[Data extracts Boundary: Start]

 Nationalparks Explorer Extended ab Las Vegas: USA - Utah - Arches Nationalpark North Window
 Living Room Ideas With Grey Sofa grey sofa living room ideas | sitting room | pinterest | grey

[Data extracts Boundary: End]
[Data extracts Boundary: Start]

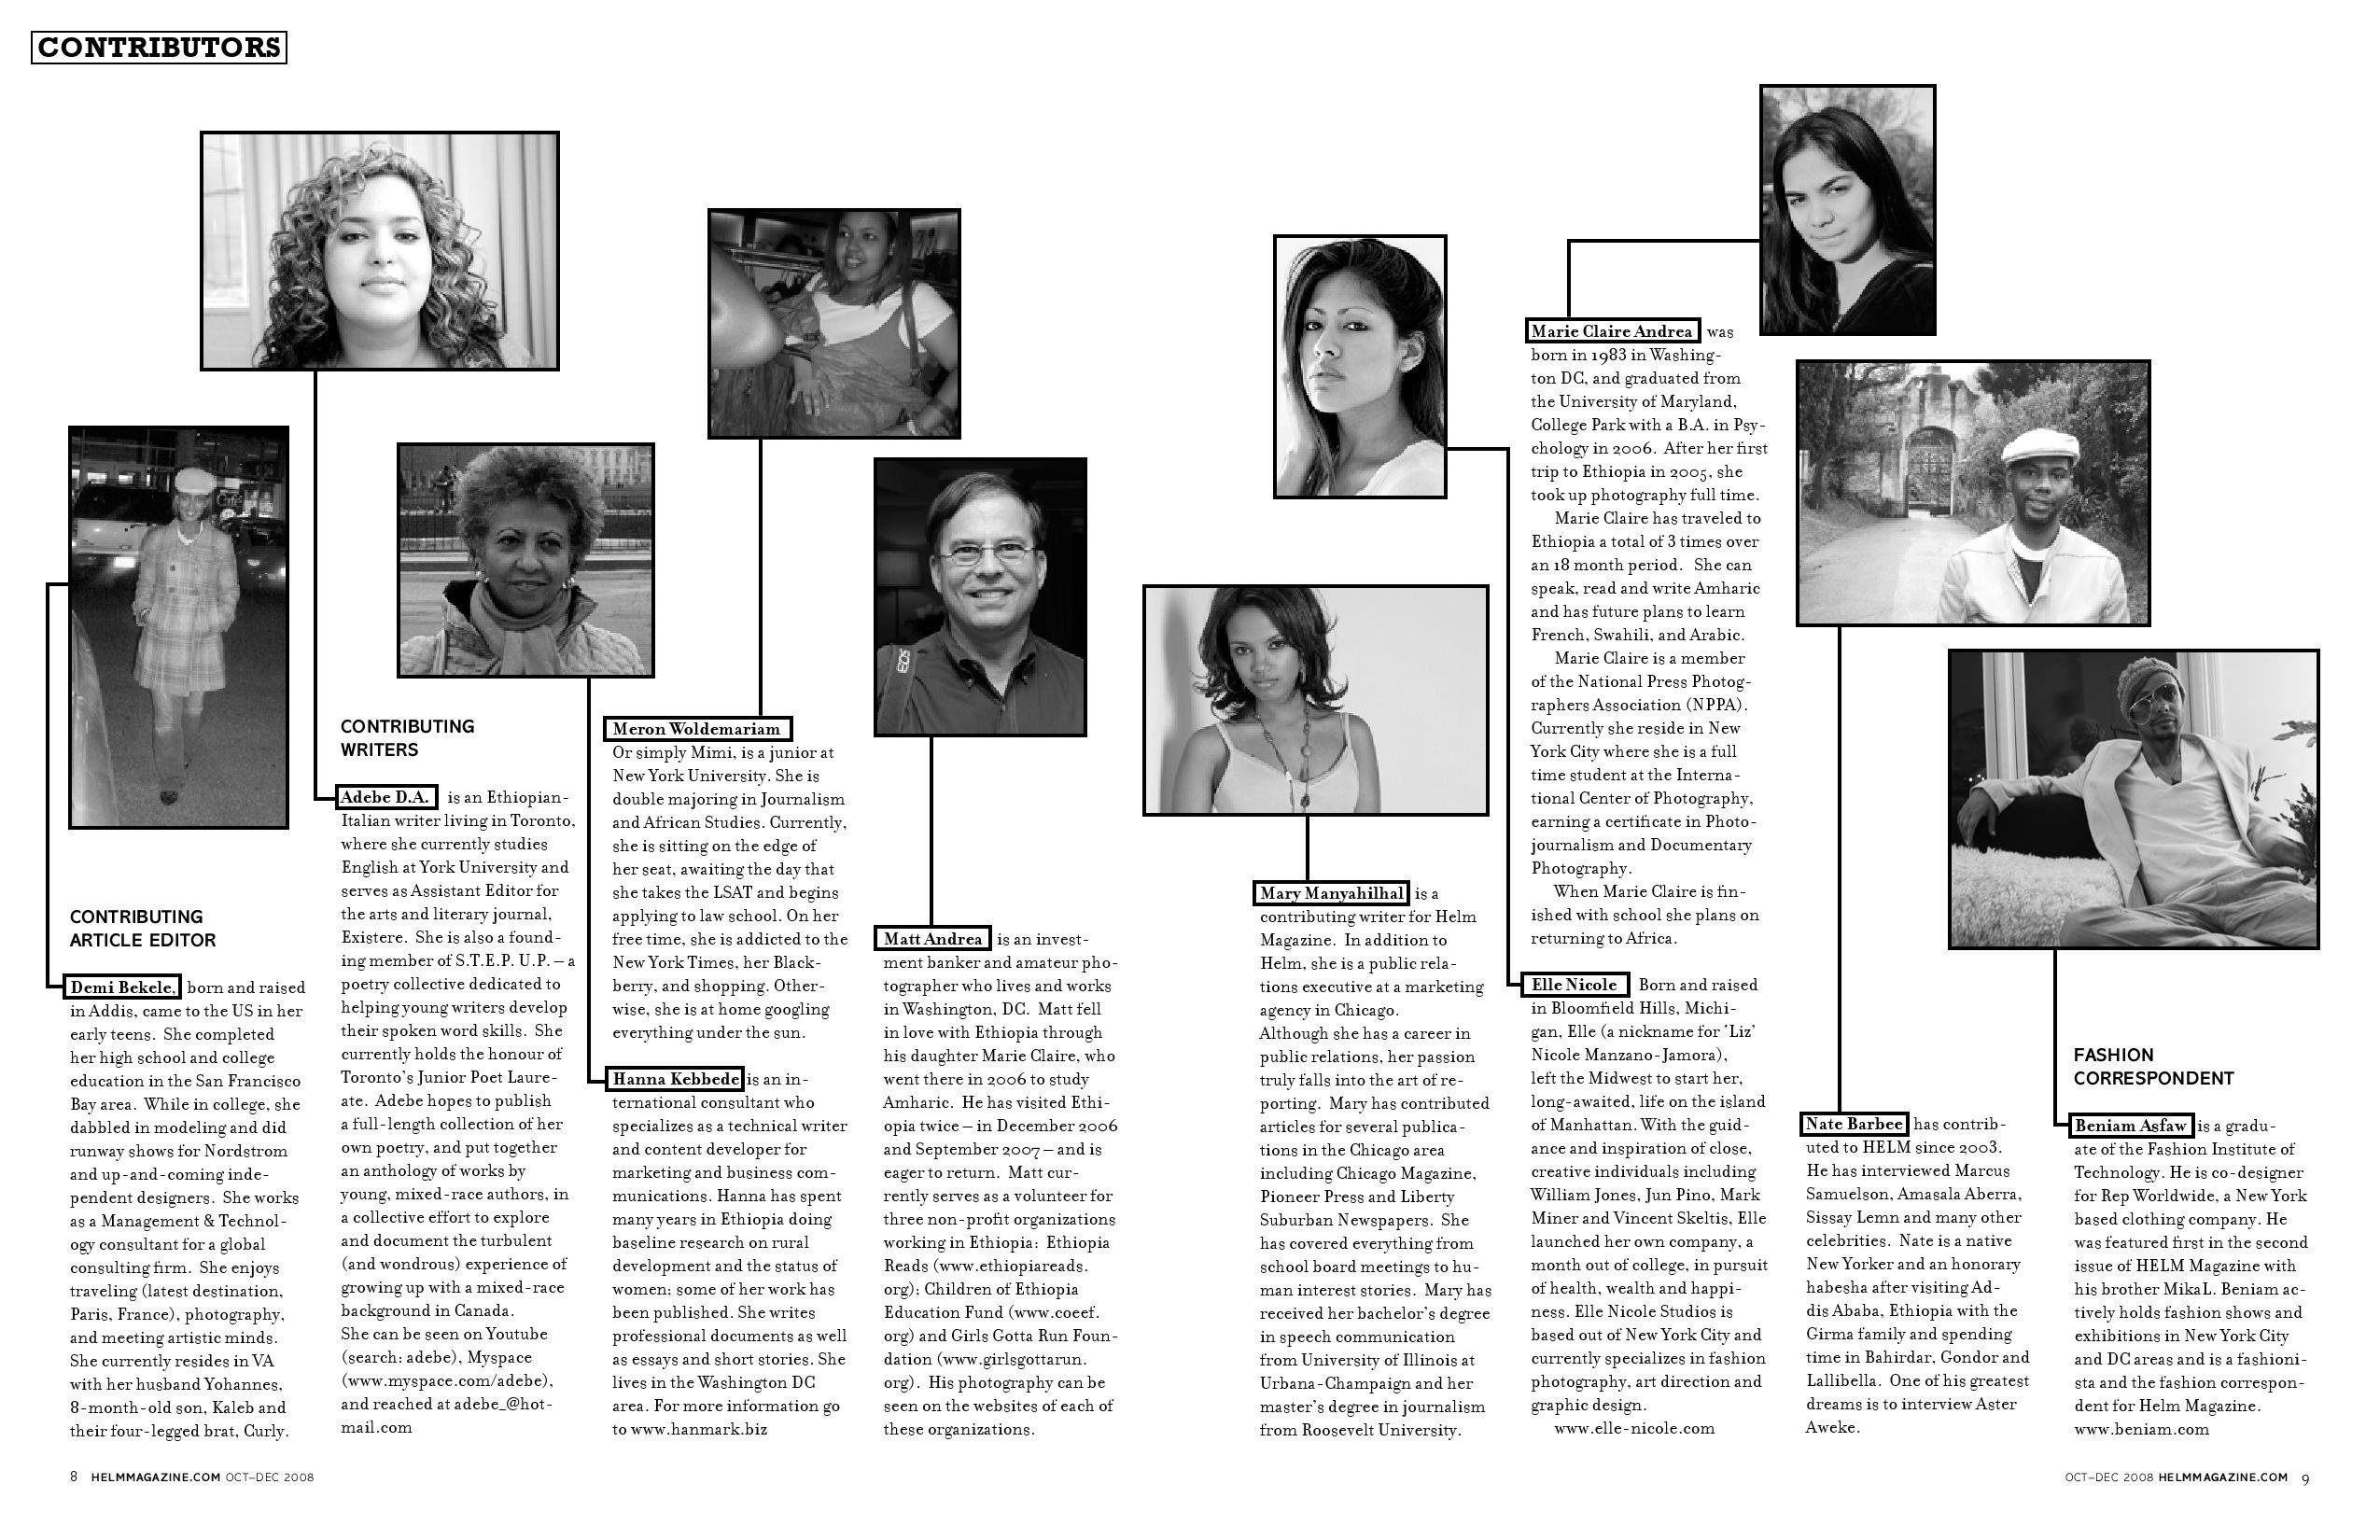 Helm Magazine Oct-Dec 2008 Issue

[Data extracts Boundary: End]
[Data extracts Boundary: Start]

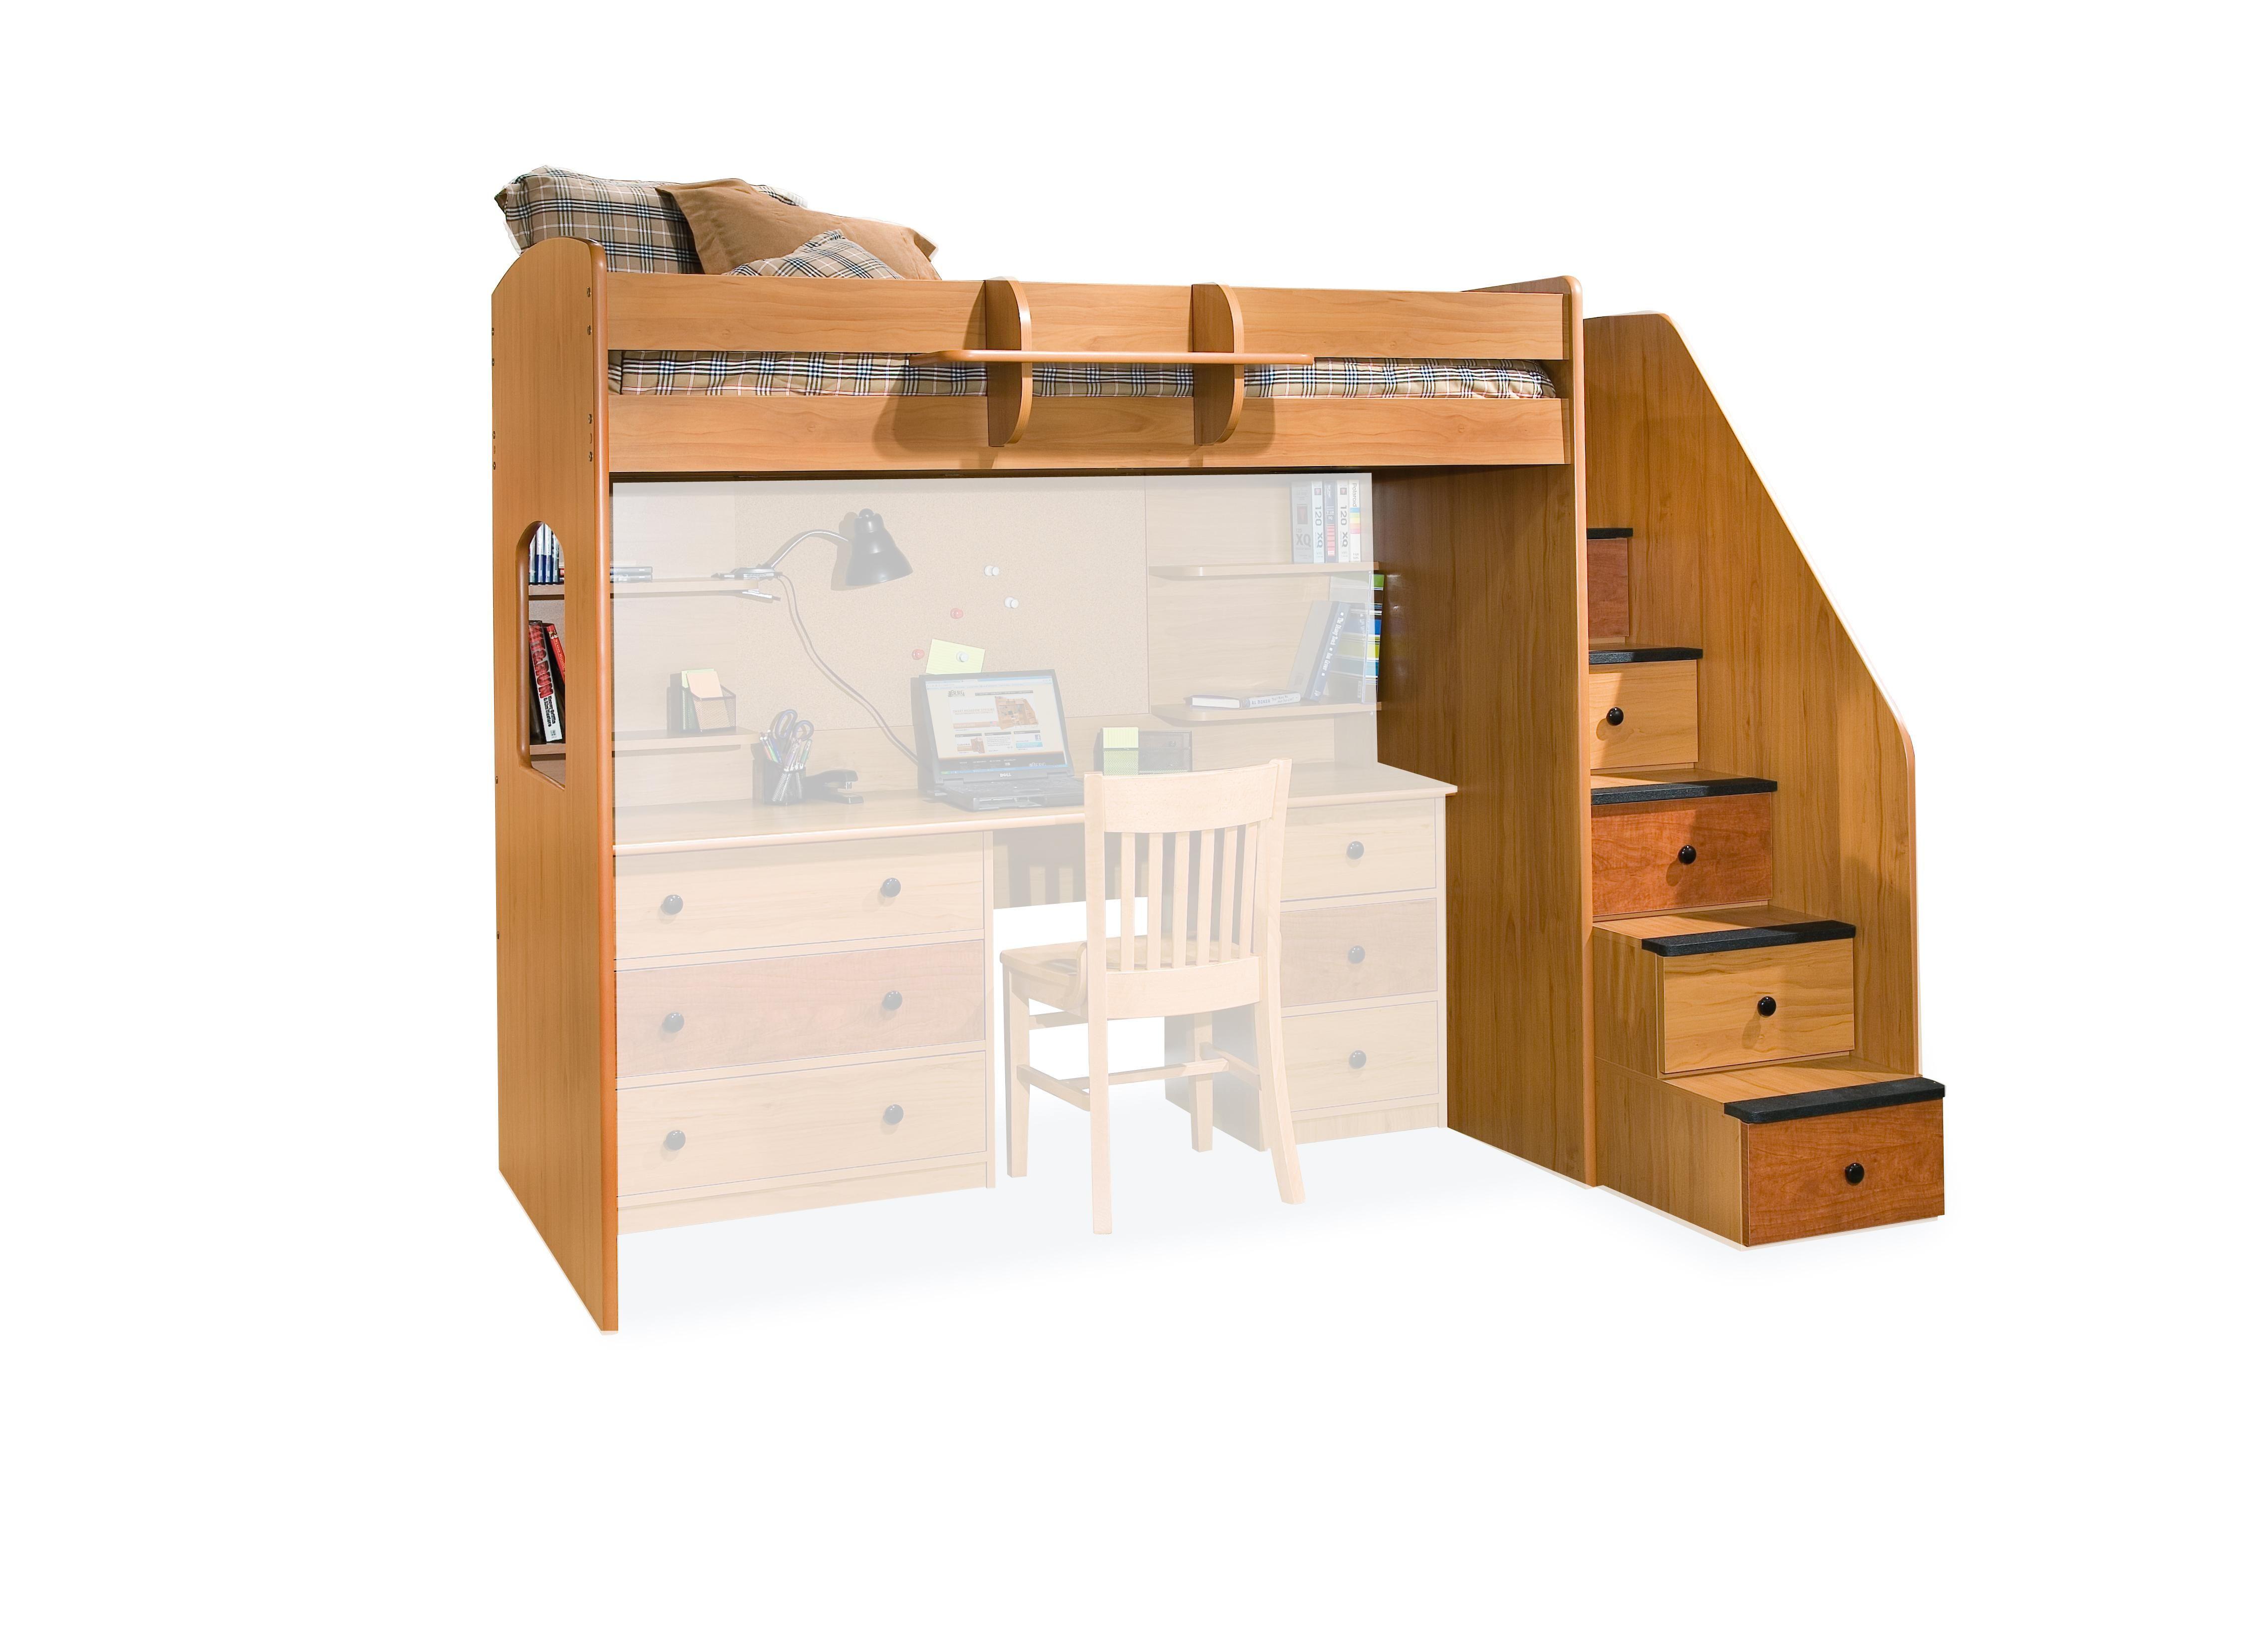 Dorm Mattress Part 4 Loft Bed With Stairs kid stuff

[Data extracts Boundary: End]

Prompt
In the listing above, transcribe exactly everything from the line containing "Nationalparks Explorer Extended" down to the line containing "Living Room Ideas With", including both and nothing more.

Exercise response
 Nationalparks Explorer Extended ab Las Vegas: USA - Utah - Arches Nationalpark North Window
 Living Room Ideas With Grey Sofa grey sofa living room ideas | sitting room | pinterest | grey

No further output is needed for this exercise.